Во время работы над повестью Достоевский был уверен, что герой удался ему, считая Голядкина своим chef-d"œuvre; предварительные отзывы, в которых «Двойник» называли гениальным произведением, вторым по значению после «Мертвых душ», также воодушевляли молодого писателя. Однако после публикации мнения изменились, и негативная оценка повести повергла его в уныние. Он сознается в том, что поторопился с напечатанием, обманул ожидания читателей и испортил вещь. Наступает момент творческого кризиса: «Мне Голядкин опротивел. <...> Рядом с блистательными страницами есть скверность, дрянь, из души воротит, читать не хочется. Вот это-то и создало мне на время ад, и я заболел от горя» ().

В дальнейшем, планируя новое издание, Достоевский решает совершенно переделать повесть. Черновые наброски к предполагавшейся ее переработке в записных книжках № 1 (1861—1862) и № 2 (1862—1864) говорят о расширении замысла и намерении писателя дать более развернутую картину русского общества, наполнить ее злободневным содержанием. Вместо этого писатель только более четко обозначил основные линии своего повествования, убрав несущественные эпизоды, монологи и диалоги действующих лиц. В новой редакции он также ослабил пародийное значение жанровой формы «Двойника», сняв ироничные аннотации к главам и изменив подзаголовок. Внесенные изменения, по всей видимости, не удовлетворили автора. В ноябрьском выпуске «Дневника писателя» за 1877 г. Достоевский еще раз возвращается к теме «Двойника»: «Повесть эта мне положительно не удалась, но идея ее была довольно светлая, и серьезнее этой идеи я никогда ничего в литературе не проводил.

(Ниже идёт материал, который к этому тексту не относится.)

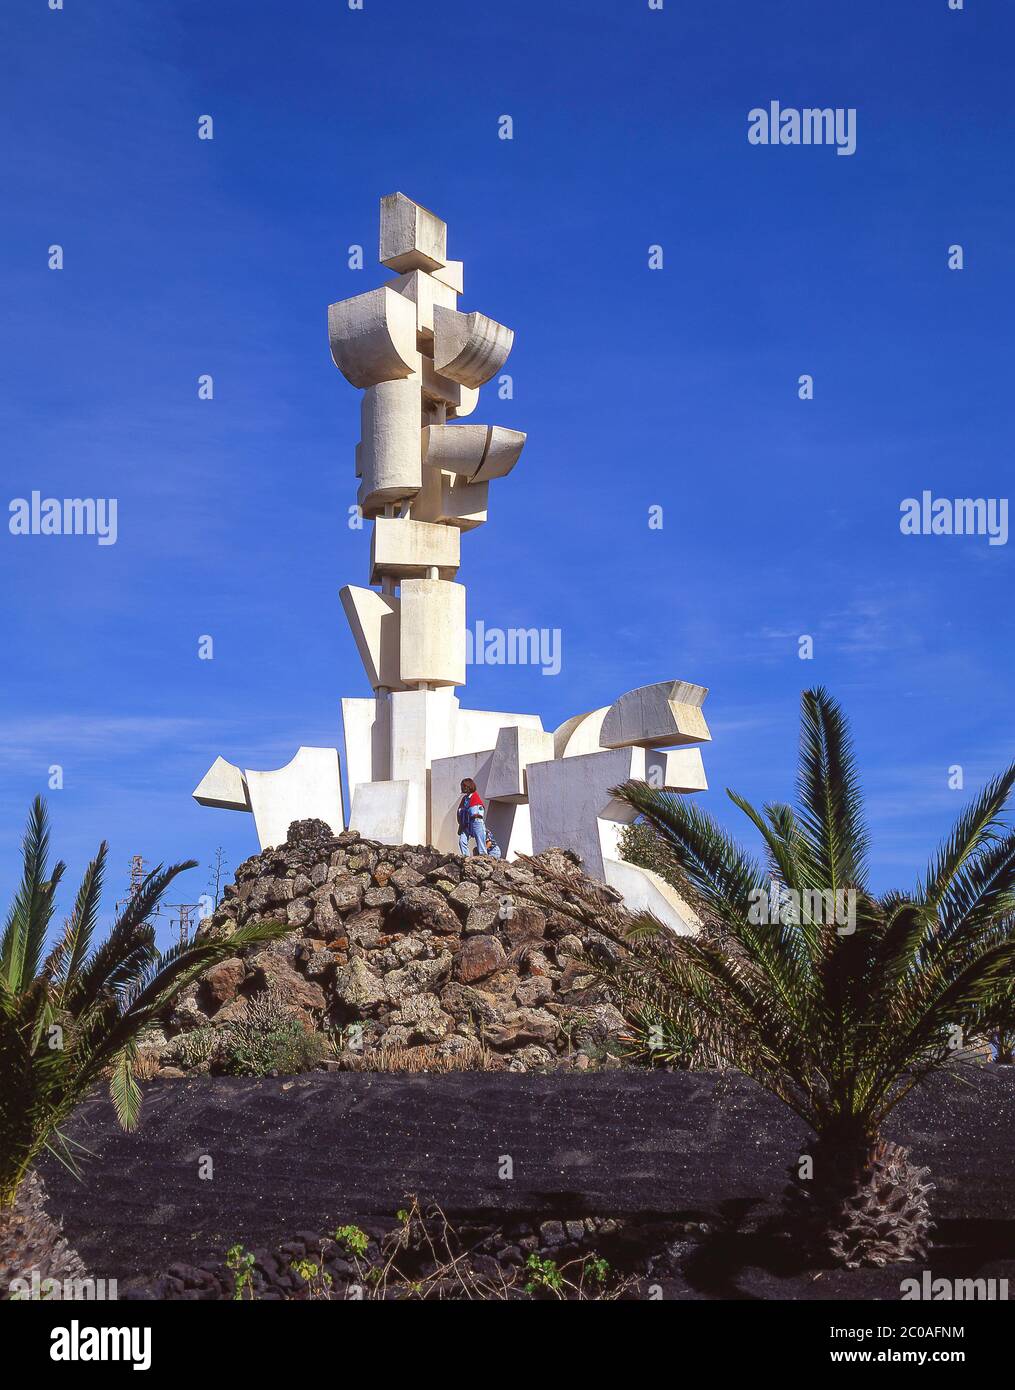 Monumento al Campesino von Cesar Manrique, San Bartolome, Lanzarote, Kanarische Inseln, Königreich Spanien Stockfoto

Но форма этой повести мне не удалась совершенно <...> если б я теперь принялся за эту идею и изложил ее вновь, то взял бы совсем другую форму; но в 46-м году этой формы я не нашел и повести не осилил». Критическое отношение Достоевского к повести свидетельствует не о действительной неудаче, постигшей «Двойника», а скорее о взыскательном отношении писателя к своему таланту.

Оценка и истолкование художественного замысла «Двойника» были неоднозначны: в критической литературе просматривается известная эволюция взглядов на характер и сущность произведения в целом и восприятие темы двойничества в частности. Отзывы на повесть в прижизненной критике были в основном неблагосклонны. Авторы статей о «Двойнике» И.В. Брант, С.П. Шевырев, К.С. Аксаков, Ап. А. Григорьев сочли его неудавшимся как в плане содержания, так и в художественном отношении. Новый социально-психологический «подпольный» тип, открытый Достоевским, был ошибочно воспринят как пародия на человека вообще. Нетрадиционную форму повествования признали слабой попыткой подражания Гоголю в изображении чиновничьей жизни, а фантастику — излишеством в гофмановском духе. Оценивая повесть по меркам нормативной эстетики 40-х гг., недальновидные критики приняли новаторский символико-психологический характер повести и прием сознательной деэстетизации действительности за неоправданный натурализм, искажающий образ мира и человека. Повесть казалась им «чудовищным созданием», в котором реальность начинала принимать форму бреда. Негативная реакция была вызвана также непривычными для читателей этой эпохи неадекватными проявлениями психофизической природы человека, многие из которых не считали это достижением литературы: «"Двойник" — сочинение патологическое, терапевтическое, но нисколько не литературное...» (Григорьев).

Первоначальные критические отзывы о «Двойнике» были поддержаны частью советских литературоведов 1950—1960-х гг. Так, В.В. Ермилов также усматривал в «Двойнике» подмену социального психопатологическим. Как мрачный и безотрадный взгляд на человеческую природу, развенчание гуманистических представлений о человеке расценили художественную концепцию повести В.Я. Кирпотин и В.И. Кулешов. Иная, положительная точка зрения на повесть с момента ее появления содержалась в работах В. Белинского. Делая скидку на неопытность молодого автора в отношении стиля и творческого метода, Белинский признает его заслуги и творческую смелость в изображении психологии личности: «...характер героя принадлежит к числу самых глубоких, смелых и истинных концепций, какими только может похвалиться русская литература». На глубину нравственно-психологической проблематики «Двойника» и типичность переживаний главного героя для определения социального слоя указал В.Н. Майков: «"Двойник" развертывает перед вами анатомию души, гибнущей от сознания разрозненности частных интересов в благоустроенном обществе». Некоторые читатели узнали себя в «Двойнике» (Нечаева).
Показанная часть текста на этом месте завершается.